* **Problem details**
For this exercise, restate every line below word for word and drop the images.

* **Data excerpt**
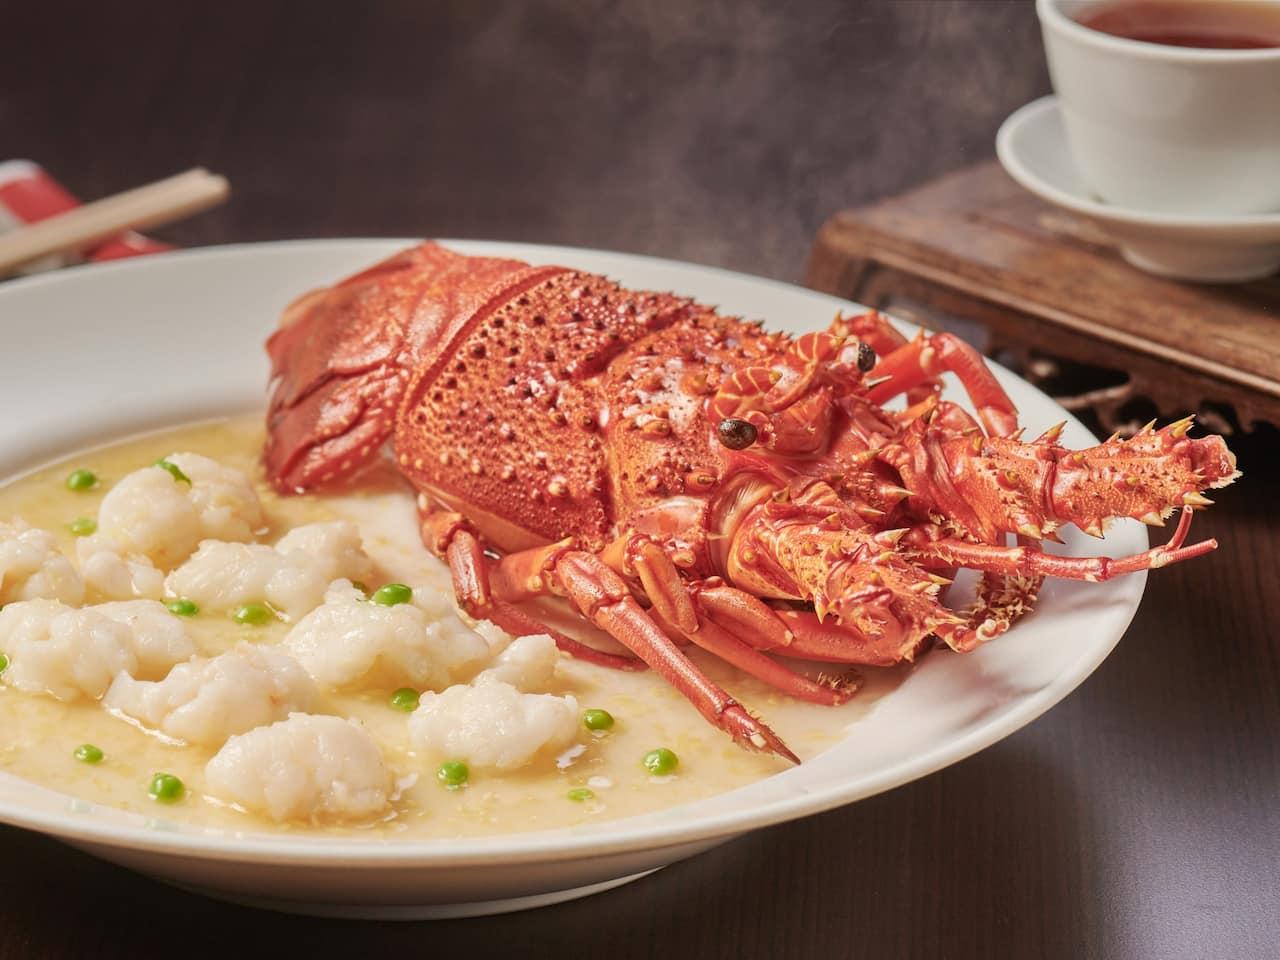 Chinese Restaurant Pan Fried Sea Cucumber
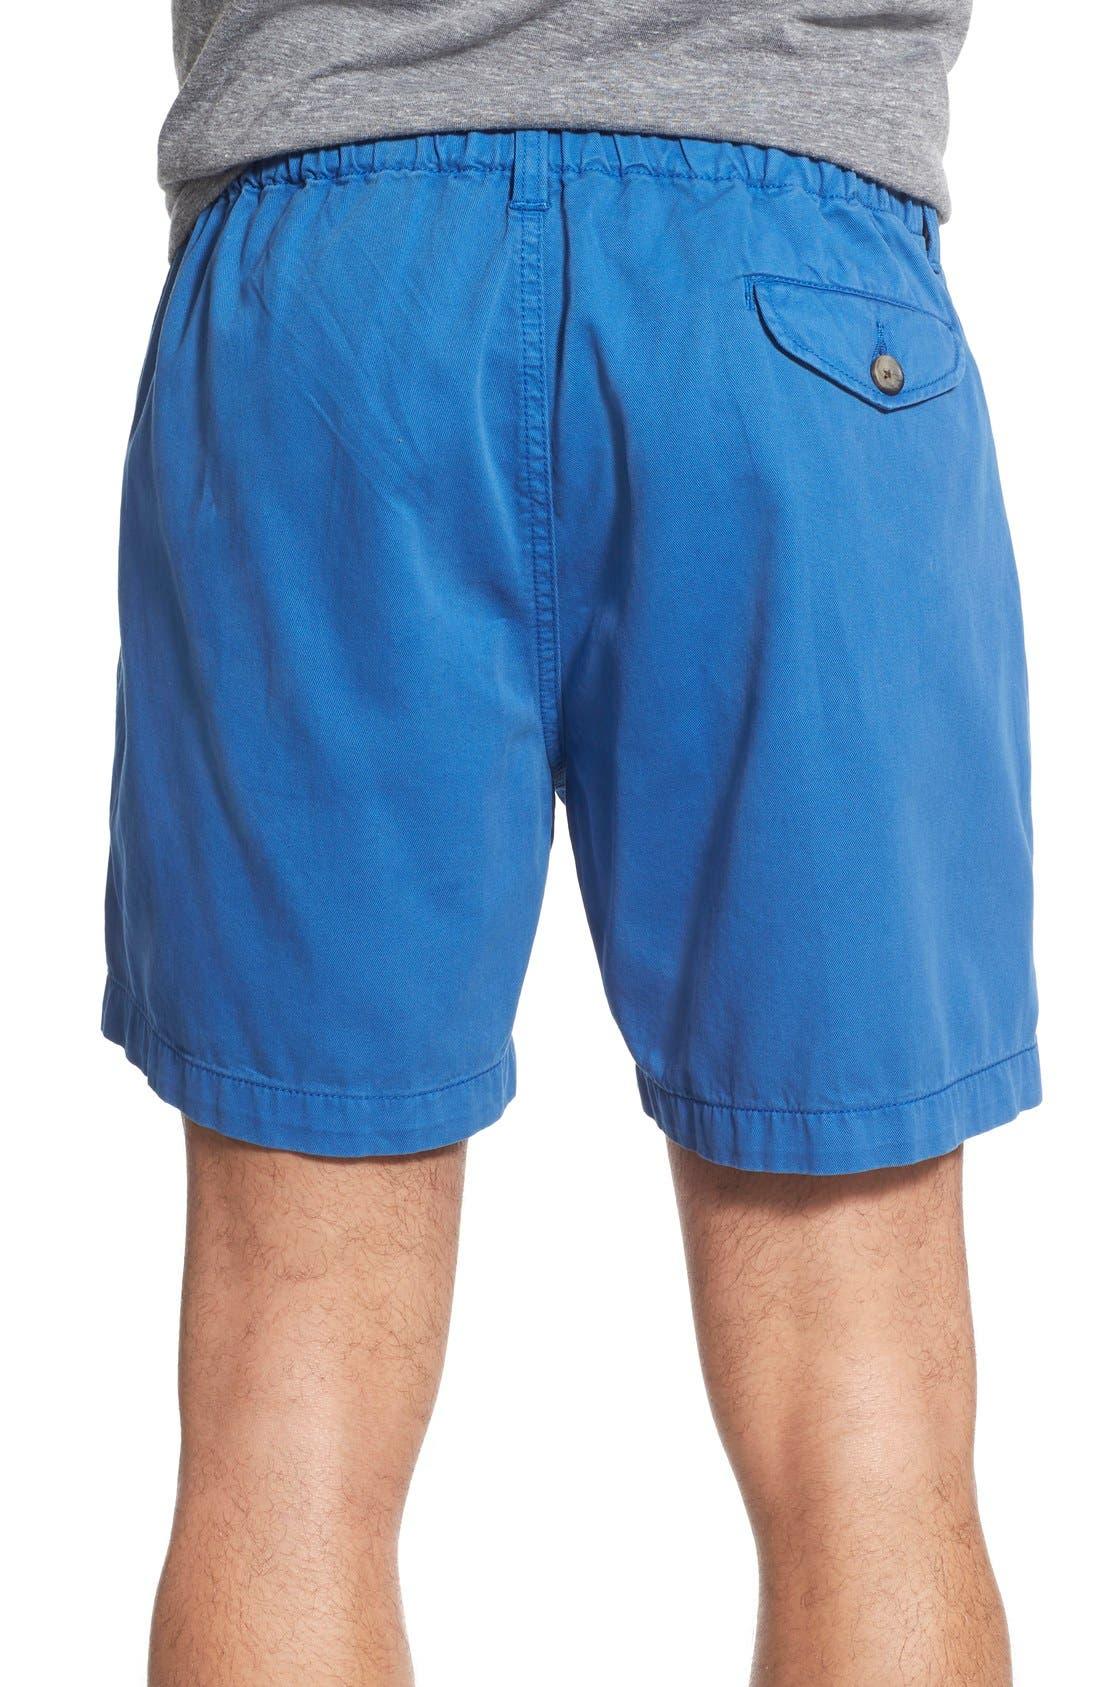 Alternate Image 2  - Vintage 1946 'Snappers' Vintage Washed Elastic Waistband Shorts
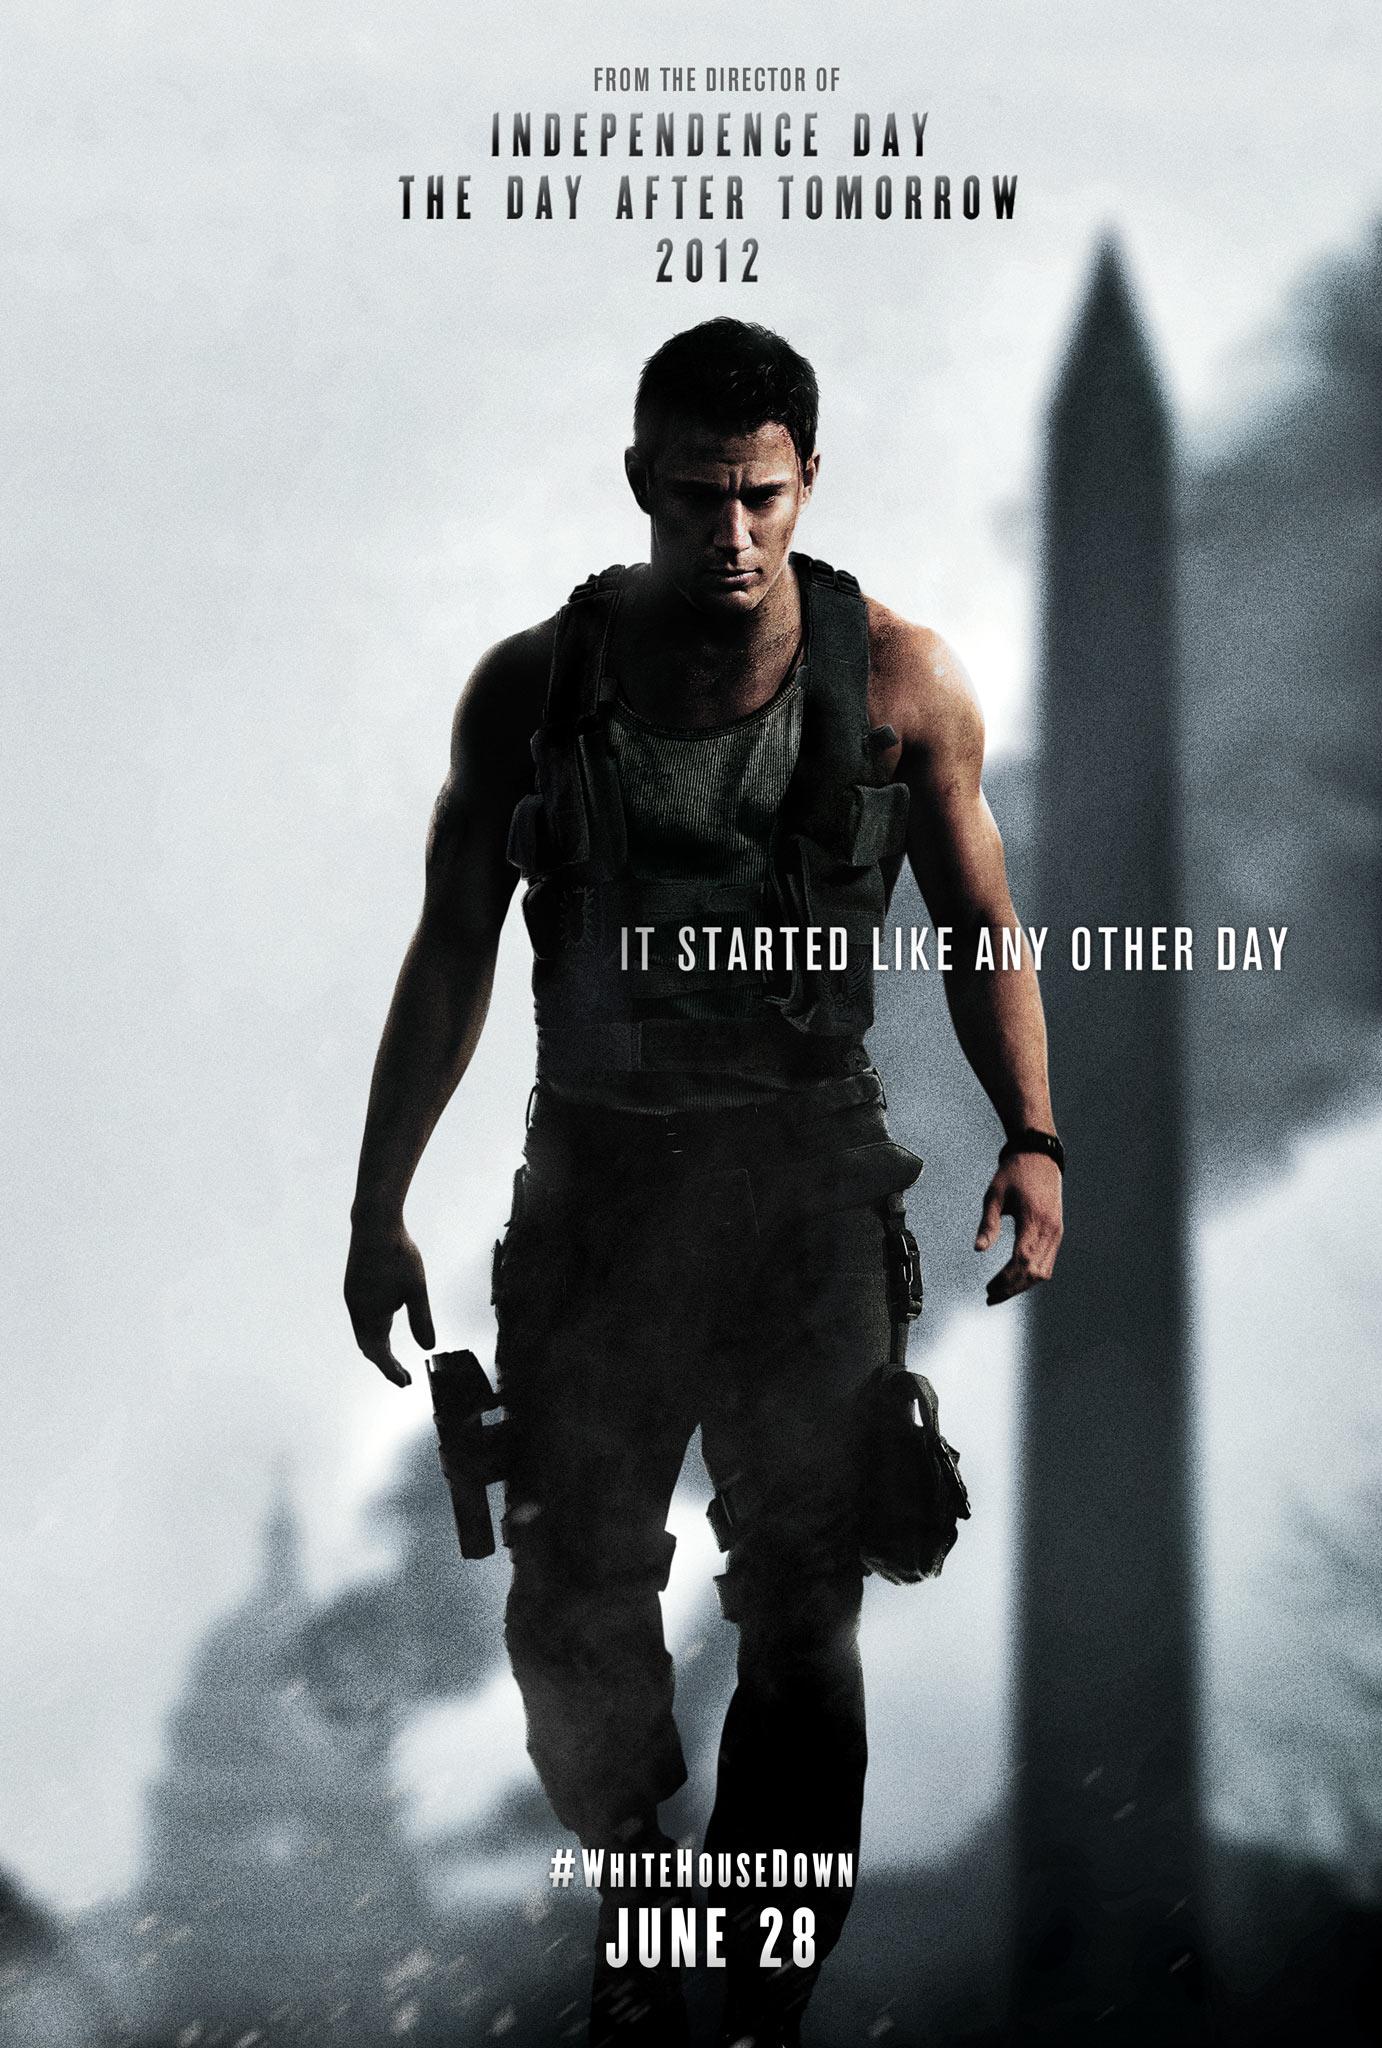 White House Down - Movie Poster #1 (Original)

* **Task output**
 Chinese Restaurant Pan Fried Sea Cucumber
 Alternate Image 2  - Vintage 1946 'Snappers' Vintage Washed Elastic Waistband Shorts
 White House Down - Movie Poster #1 (Original)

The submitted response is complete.